Schlacht der gefallenen Hölzer – Nordwestindischer Krieg

Die Schlacht der gefallenen Hölzer wurde am 20. August 1794 ausgetragen und war die letzte Schlacht des Nordwestindischen Krieges (1785-1795). Im Rahmen des Vertrags zur Beendigung der amerikanischen Revolution hat Großbritannien das Land über den Appalachen bis zum Mississippi an die neuen Vereinigten Staaten abgetreten. In Ohio schlossen sich 1785 mehrere Indianerstämme zusammen, um die Westliche Konföderation mit dem Ziel zu bilden, gemeinsam mit den Vereinigten Staaten zu verhandeln. Im folgenden Jahr beschlossen sie, dass der Ohio River als Grenze zwischen ihrem Land und den Amerikanern dienen würde.

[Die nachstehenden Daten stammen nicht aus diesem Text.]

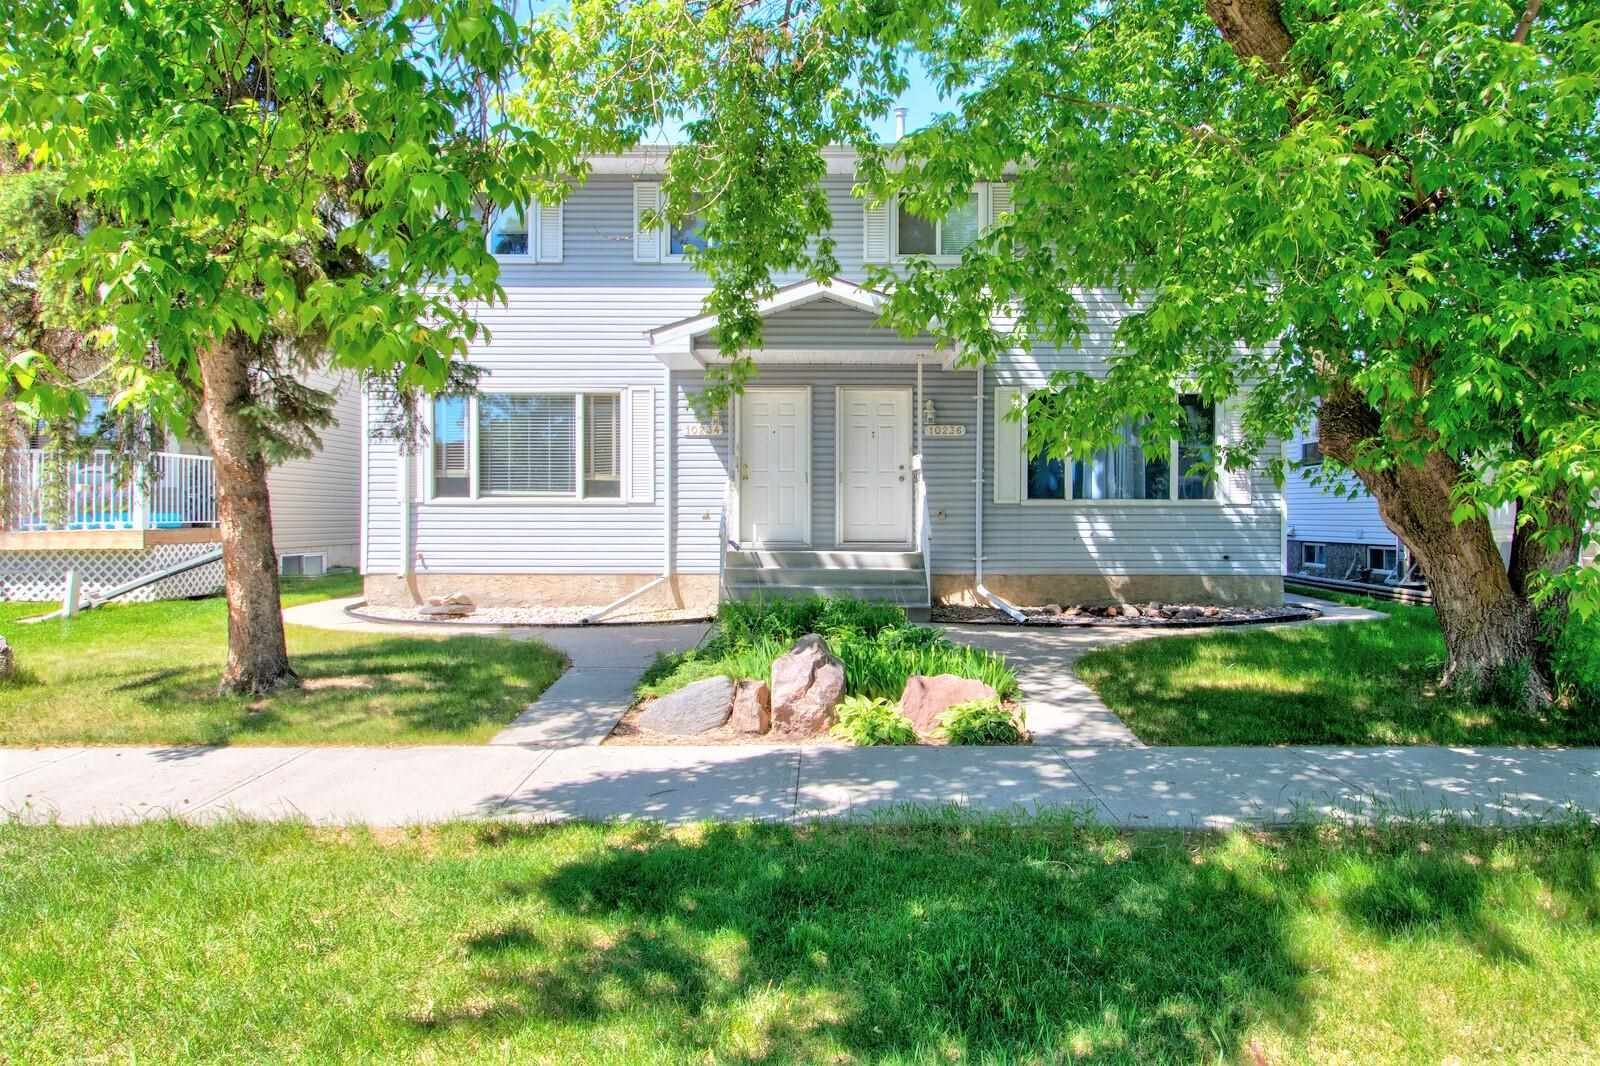 Main Photo: 10234 152 Street in Edmonton: Zone 21 House Half Duplex for sale : MLS®# E4249601

Mitte der 1780er Jahre begann die Konföderation eine Reihe von Überfällen südlich von Ohio nach Kentucky, um die Ansiedlung zu verhindern.

 

Konflikt an der Grenze

Um der Bedrohung durch die Konföderation zu begegnen, wies Präsident George Washington Brigadegeneral Josiah Harmar an, in die Gebiete von Shawnee und Miami anzugreifen, um das Dorf Kekionga (heutiges Fort Wayne, IN) zu zerstören. Da die US-Armee nach der amerikanischen Revolution im Wesentlichen aufgelöst worden war, marschierte Harmar mit einer kleinen Streitmacht von Stammgästen und ungefähr 1.100 Milizen nach Westen. Harmar kämpfte im Oktober 1790 zwei Schlachten und wurde von Kriegern der Konföderation besiegt, die von Little Turtle und Blue Jacket angeführt wurden.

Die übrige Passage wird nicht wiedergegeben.